GIVEN INFORMATION START

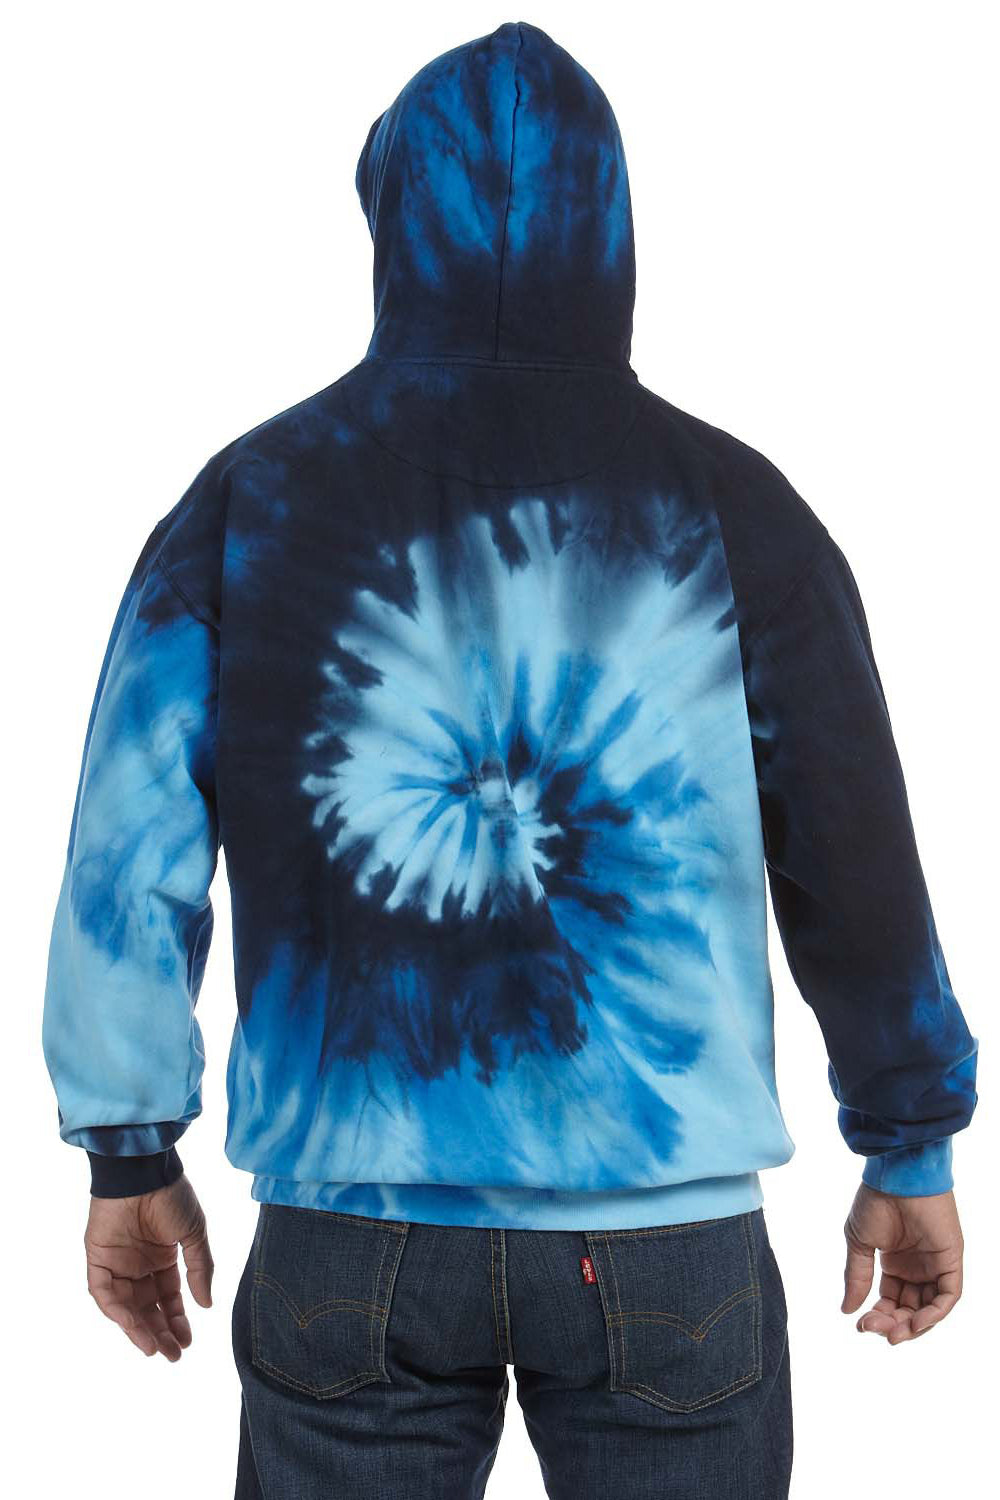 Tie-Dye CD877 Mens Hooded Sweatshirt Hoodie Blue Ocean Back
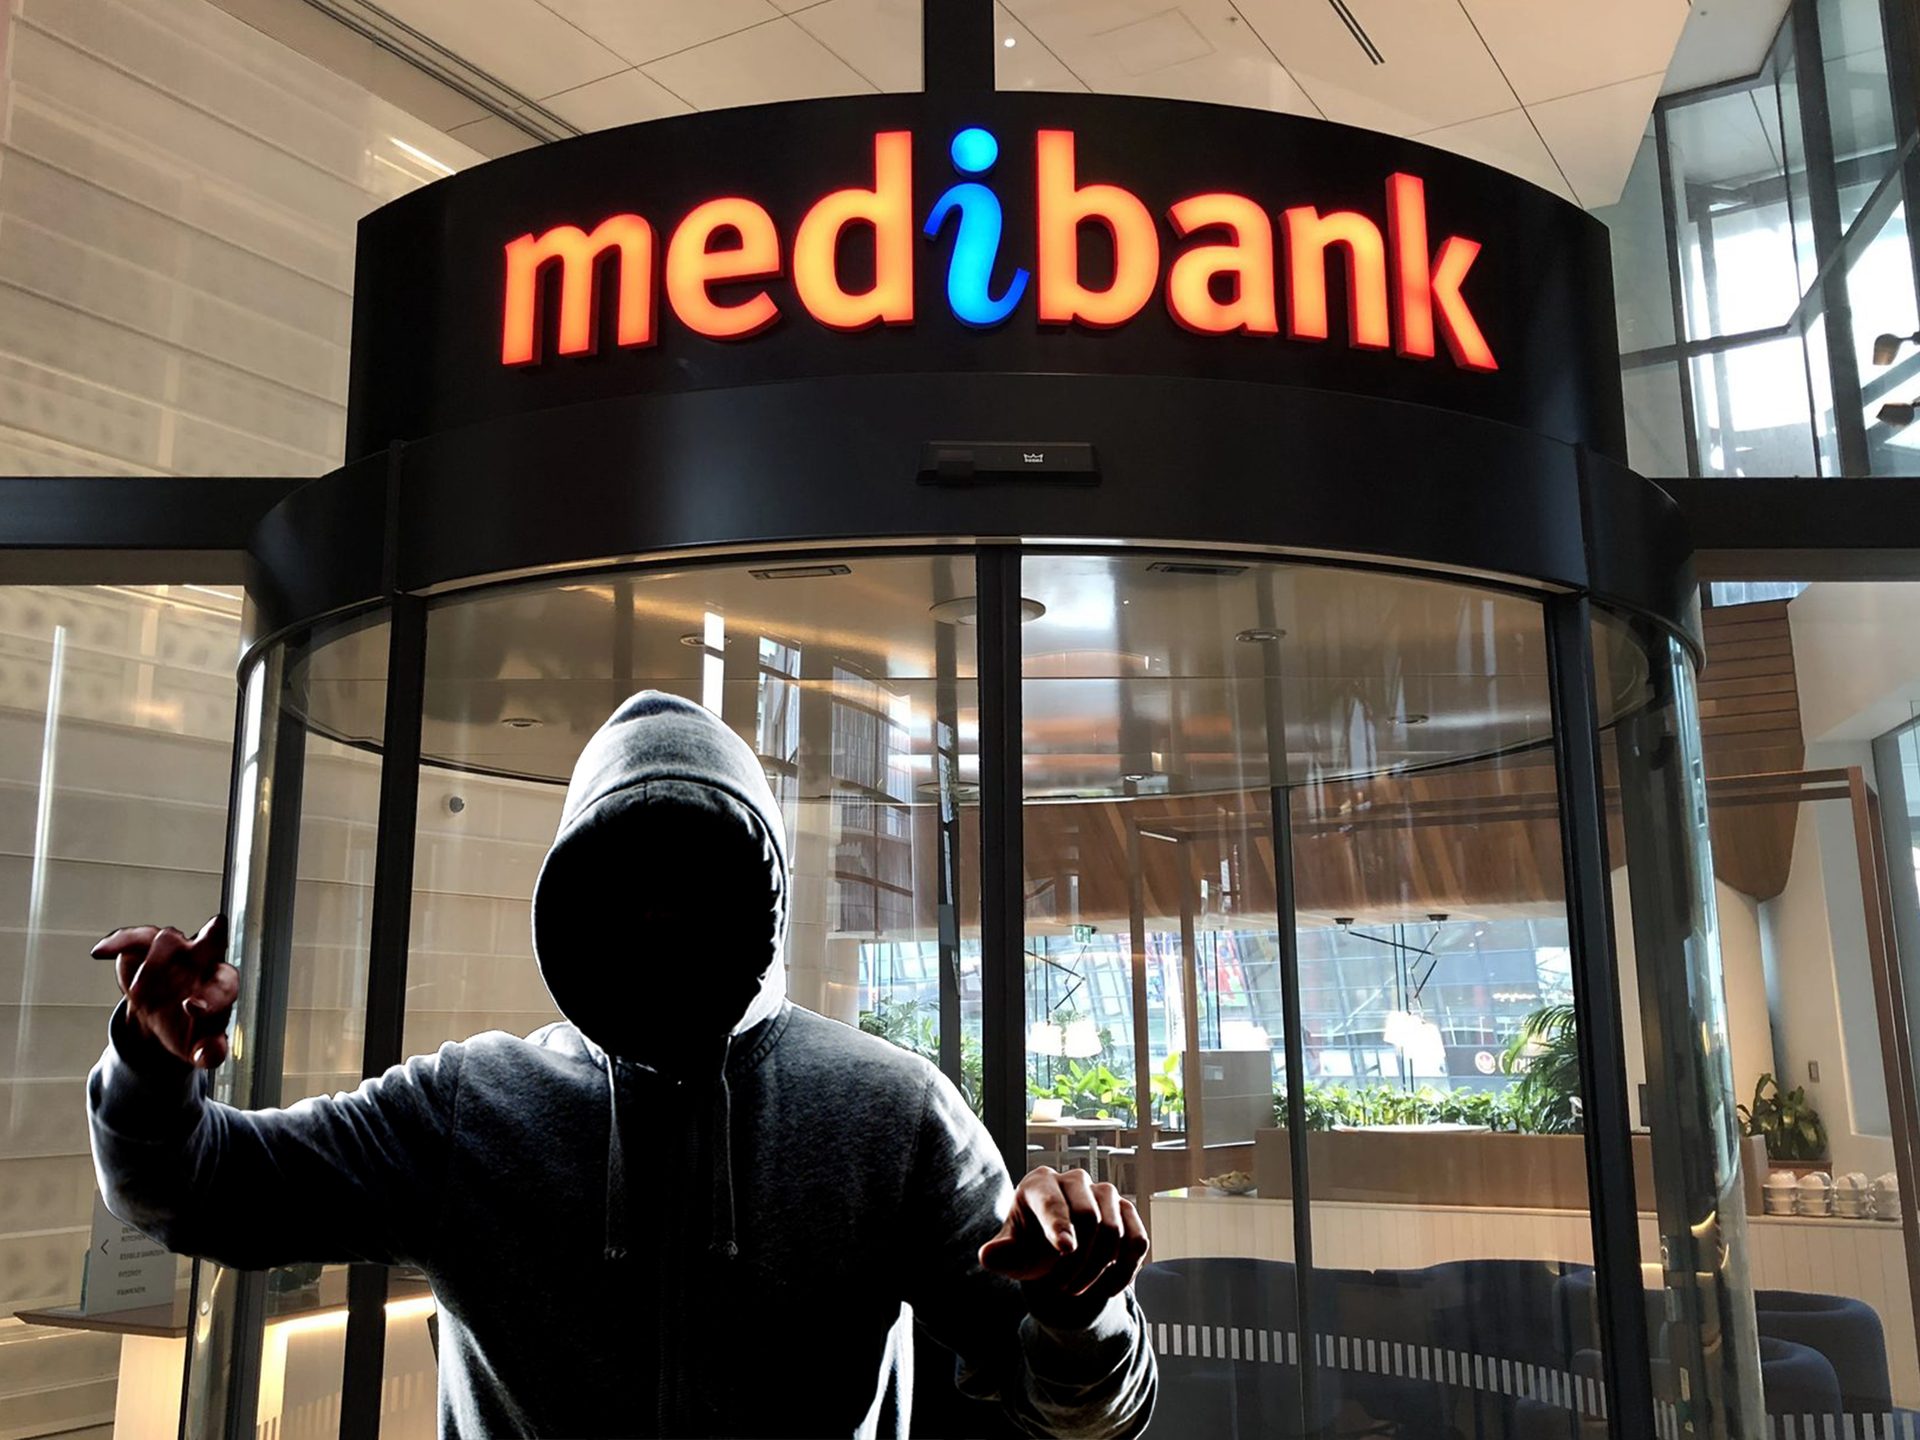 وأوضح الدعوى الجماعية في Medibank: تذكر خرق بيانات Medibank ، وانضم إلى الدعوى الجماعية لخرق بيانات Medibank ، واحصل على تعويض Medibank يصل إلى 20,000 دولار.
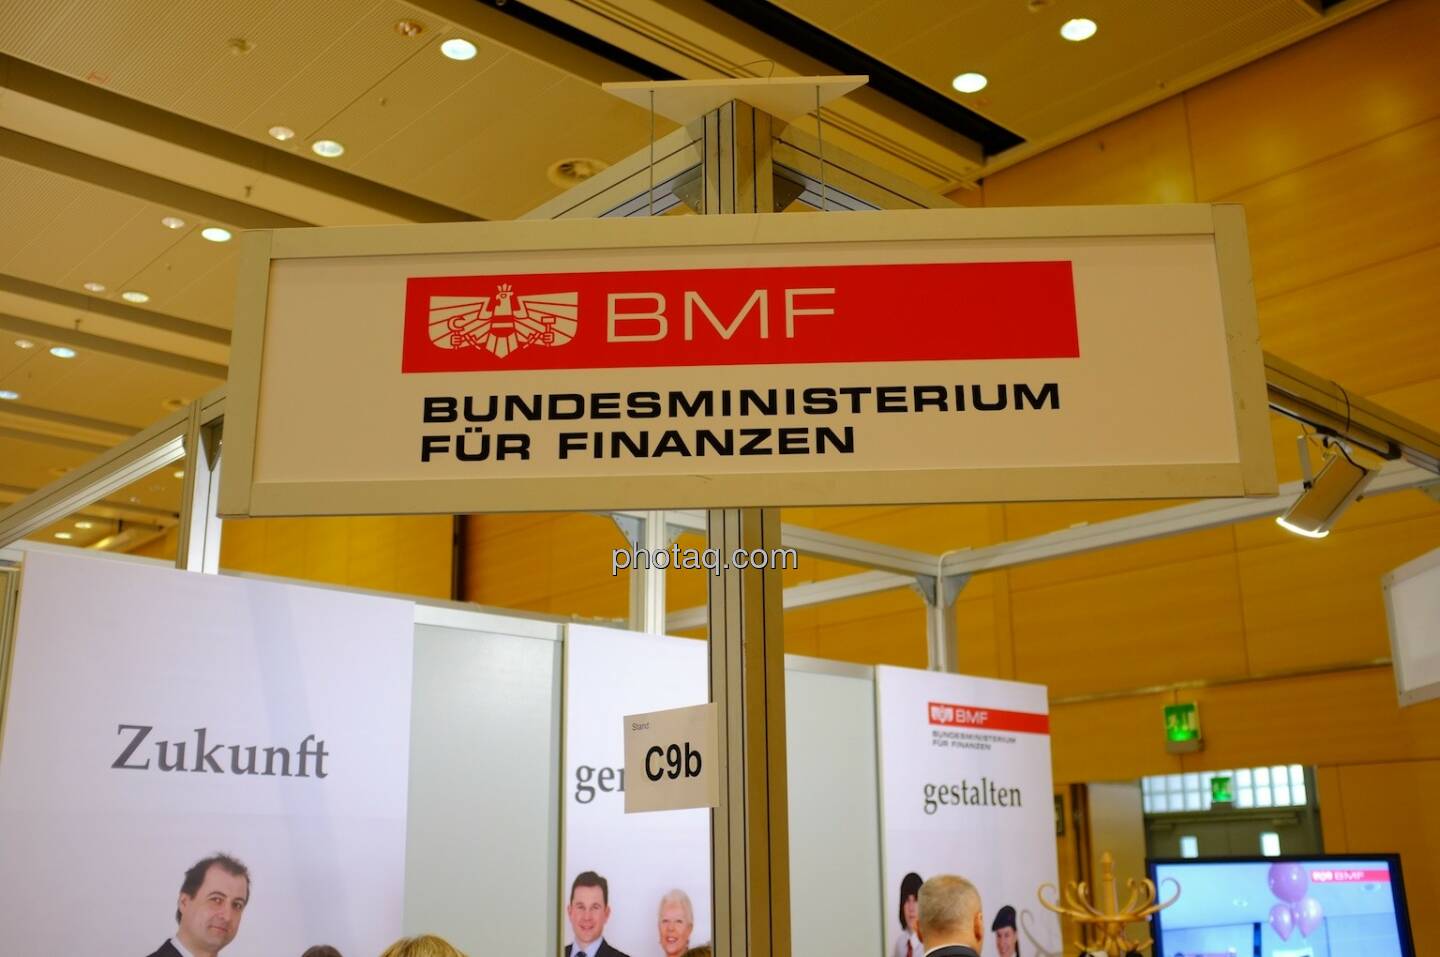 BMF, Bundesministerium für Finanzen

GIVEN INFORMATION END

EXERCISE: Using the material above, restate word for word the lines from the line that has "وأوضح الدعوى الجماعية" to the last line, inclusive, with pictures omitted.

WRITTEN REPLY:
 وأوضح الدعوى الجماعية في Medibank: تذكر خرق بيانات Medibank ، وانضم إلى الدعوى الجماعية لخرق بيانات Medibank ، واحصل على تعويض Medibank يصل إلى 20,000 دولار.
 BMF, Bundesministerium für Finanzen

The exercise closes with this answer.